GroupDocs.Search for Java 19.12 Release Notes
Major Features
Other notable features and improvements:
- Implement highlighting search results in short fragments
- Enhance document metadata indexing with new formats
- Implement indexing each letter as a separate word
- Implement ability to remove paths from index
Full List of Issues Covering all Changes in this Release
Key | Summary | Category |
---|---|---|
SEARCHNET-1967 | Implement highlighting search results in short fragments | Improvement |
SEARCHNET-1970 | Enhance document metadata indexing with new formats | Improvement |
SEARCHNET-2110 | Implement new public API | Improvement |
SEARCHNET-2035 | Implement indexing each letter as a separate word | New Feature |
SEARCHNET-2108 | Implement ability to remove paths from index | New Feature |
Public API and Backward Incompatible Changes
Implement highlighting search results in short fragments
This improvement allows highlighting the search results in separate short fragments of the text, and not in the whole document. A detailed description of the feature is presented in the documentation on the Highlighting search results page.
Usecases
This example shows how to generate short HTML snippets with highlighted found terms:
String indexFolder = "c:\\MyIndex";
String documentFolder = "c:\\MyDocuments";
// Creating index
Index index = new Index(indexFolder);
// Adding documents to index
index.add(documentFolder);
// Searching
SearchResult result = index.search("hobbit");
// Highlighting found terms in short HTML snippets
if (result.getDocumentCount() > 0) {
FoundDocument document = result.getFoundDocument(0);
HtmlFragmentHighlighter highlighter = new HtmlFragmentHighlighter();
index.highlight(document, highlighter);
// Getting the result
FragmentContainer[] fragmentContainers = highlighter.getResult();
for (FragmentContainer container : fragmentContainers) {
String[] fragments = container.getFragments();
if (fragments.length > 0) {
System.out.println(container.getFieldName());
System.out.println();
for (String fragment : fragments) {
// Printing HTML markup to console
System.out.println(fragment);
System.out.println();
}
}
}
}
Enhance document metadata indexing with new formats
This improvement adds support for new document formats. These are mostly documents, the main content of which is not textual, therefore only the metadata of these documents is indexed:
- MP3 – MPEG-2 Audio Layer III;
- WAV – Waveform Audio File Format;
- BMP – Bitmap Picture;
- GIF – Graphical Interchange Format File;
- JP2 – JPEG 2000 Core Image File;
- PNG – Portable Network Graphics;
- WEBP – WebP Image Format File;
- TIFF – Tagged Image File Format;
- EMF – Enhanced Windows Metafile;
- WMF – Windows Metafile;
- JPG – JPEG Image;
- PSD – Adobe Photoshop Document;
- DJVU – DjVu Image;
- MPP – Microsoft Project File;
- TORRENT – BitTorrent File;
- VSD – Visio Drawing File;
- VSS – Visio Stencil File;
- DCM – DICOM Image;
- AVI – Audio Video Interleave File;
- MOV – Apple QuickTime Movie;
- QT – Apple QuickTime Movie;
- FLV – Animate Video File;
- ASF – Advanced Systems Format File.
A complete list of supported formats is provided on the Supported Document Formats page.
Usecases
None.
Implement new public API
Implemented a new convenient intuitive public API. Full documentation for the new API is presented here.

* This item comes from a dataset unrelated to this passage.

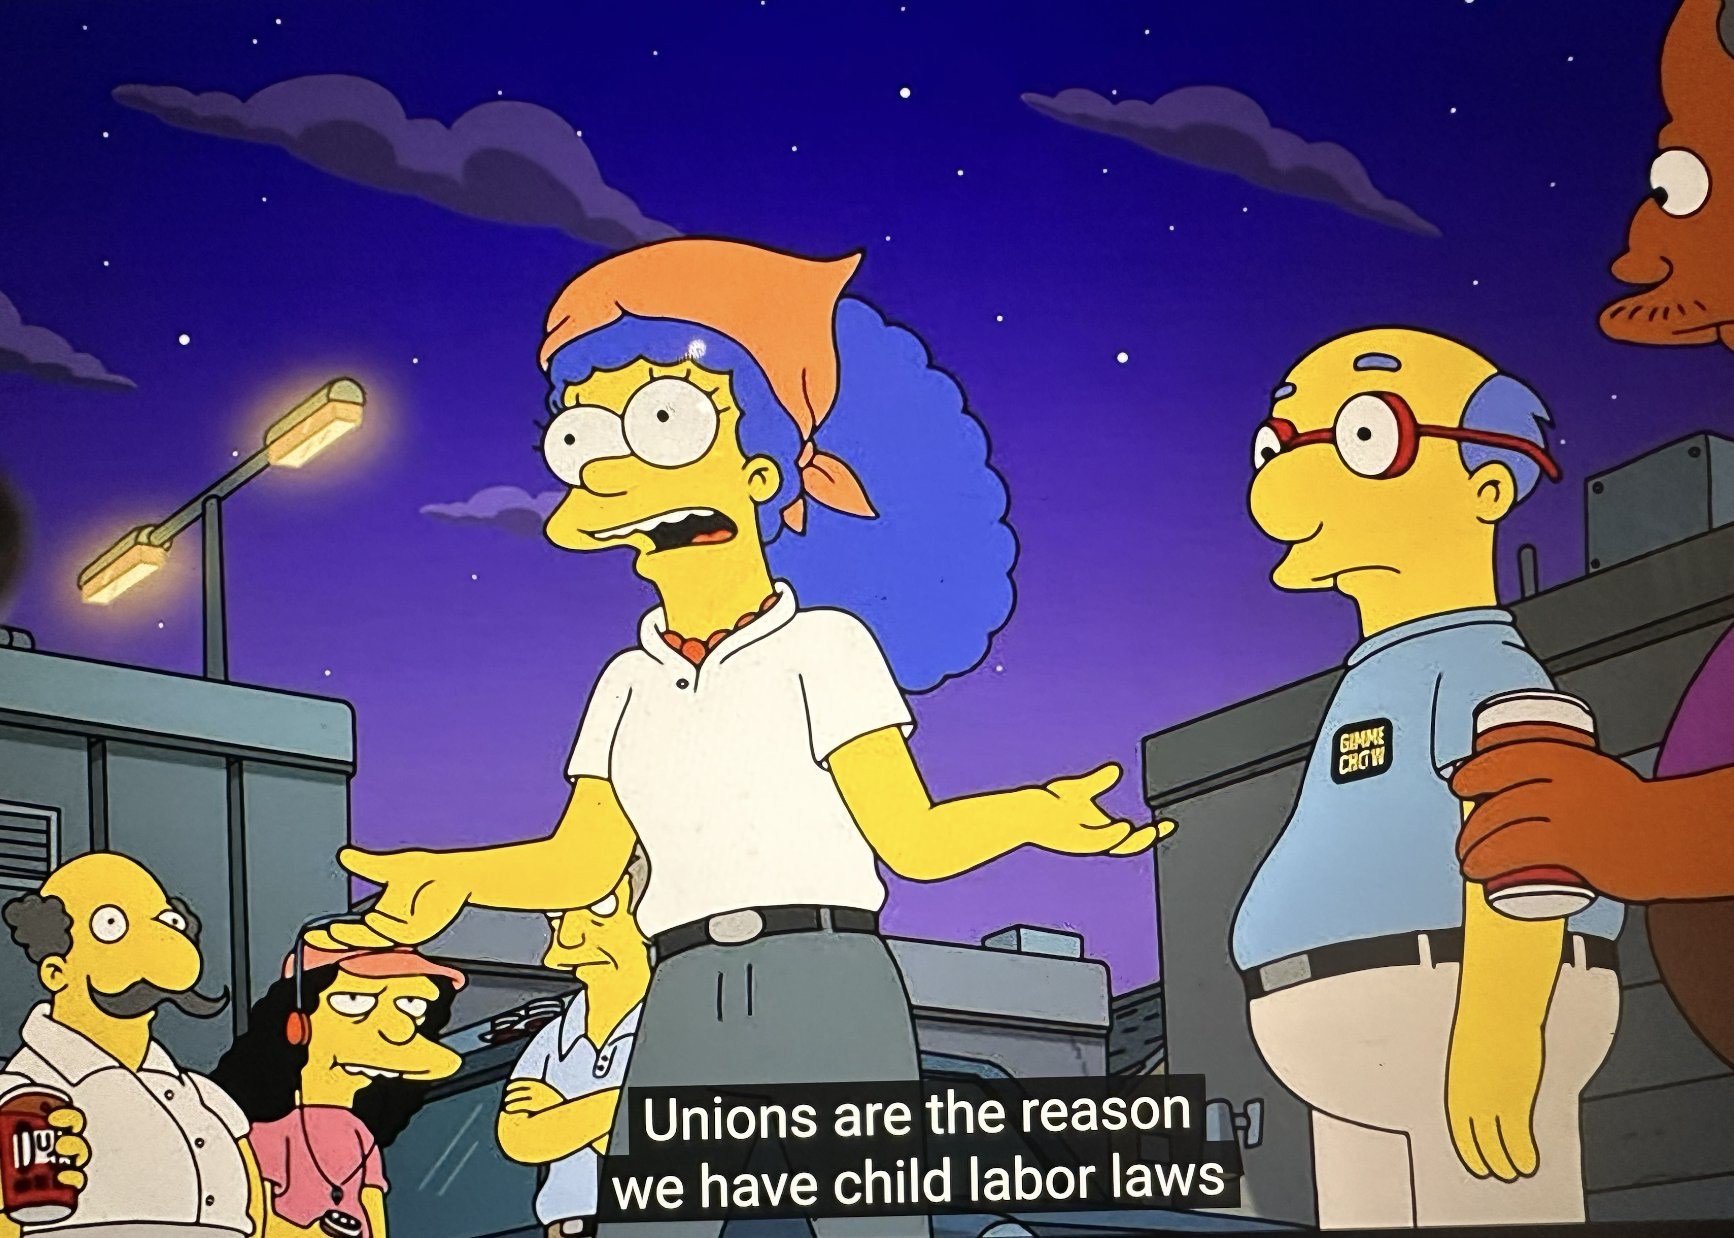 Did you catch the Night of the Living Wage #Simpsons episode that aired last week? Shout out to our union family in @animationguild who worked hard to create such an educational union-themed episode!

All public types from the legacy com.groupdocs.search package have been moved to the com.groupdocs.search.legacy package and marked deprecated with the message: “This interface / class is deprecated and will be available until January 2020 (version 20.1).”
Usecases
None.
Implement indexing each letter as a separate word
This feature is designed to work with hieroglyphic languages and allows you to index each character in the text as a separate word, regardless of the presence of separators.
Usecases
The example shows how to perform indexing and search for Chinese characters:
tring indexFolder = "c:\\MyIndex";
String documentFolder = "c:\\MyDocuments";
// Creating index
Index index = new Index(indexFolder);
// Setting SeparateWord character type for Chinese characters
StringBuilder stringBuilder = new StringBuilder();
for (char character = 0x4E00; character <= 0x9FFF; character++) { // Common
stringBuilder.append(character);
}
for (char character = 0x3400; character <= 0x4DBF; character++) { // Rare
stringBuilder.append(character);
}
char[] characters = new char[stringBuilder.length()];
stringBuilder.getChars(0, stringBuilder.length(), characters, 0);
index.getDictionaries().getAlphabet().setRange(characters, CharacterType.SeparateWord); // Setting character type
// Adding documents to index
index.add(documentFolder);
// Searching for the Unicode character U+4E50
SearchResult result = index.search("\u4E50");
Implement ability to remove paths from index
This feature allows you to remove from an index paths added for indexing. When indexed paths are removed from an index, the index is updated and all removed documents and folders become inaccessible for search. Detailed information about this feature is presented on the Delete indexed paths page.
Usecases
The example shows how to remove indexed paths from an index:
String indexFolder = "c:\\MyIndex\\";
String documentsFolder1 = "c:\\MyDocuments\\";
String documentsFolder2 = "c:\\MyDocuments2\\";
// Creating an index in the specified folder
Index index = new Index(indexFolder);
// Indexing documents from the specified folders
index.add(documentsFolder1);
index.add(documentsFolder2);
// Getting indexed paths from the index
String[] indexedPaths1 = index.getIndexedPaths();
// Writing indexed paths to the console
System.out.println("Indexed paths:");
for (String path : indexedPaths1) {
System.out.println("\t" + path);
}
// Deleting index path from the index
DeleteResult deleteResult = index.delete(new String[] { documentsFolder1 }, new UpdateOptions());
// Getting indexed paths after deletion
String[] indexedPaths2 = index.getIndexedPaths();
System.out.println("\nDeleted paths: " + deleteResult.getSuccessCount());
System.out.println("\nIndexed paths:");
for (String path : indexedPaths2) {
System.out.println("\t" + path);
}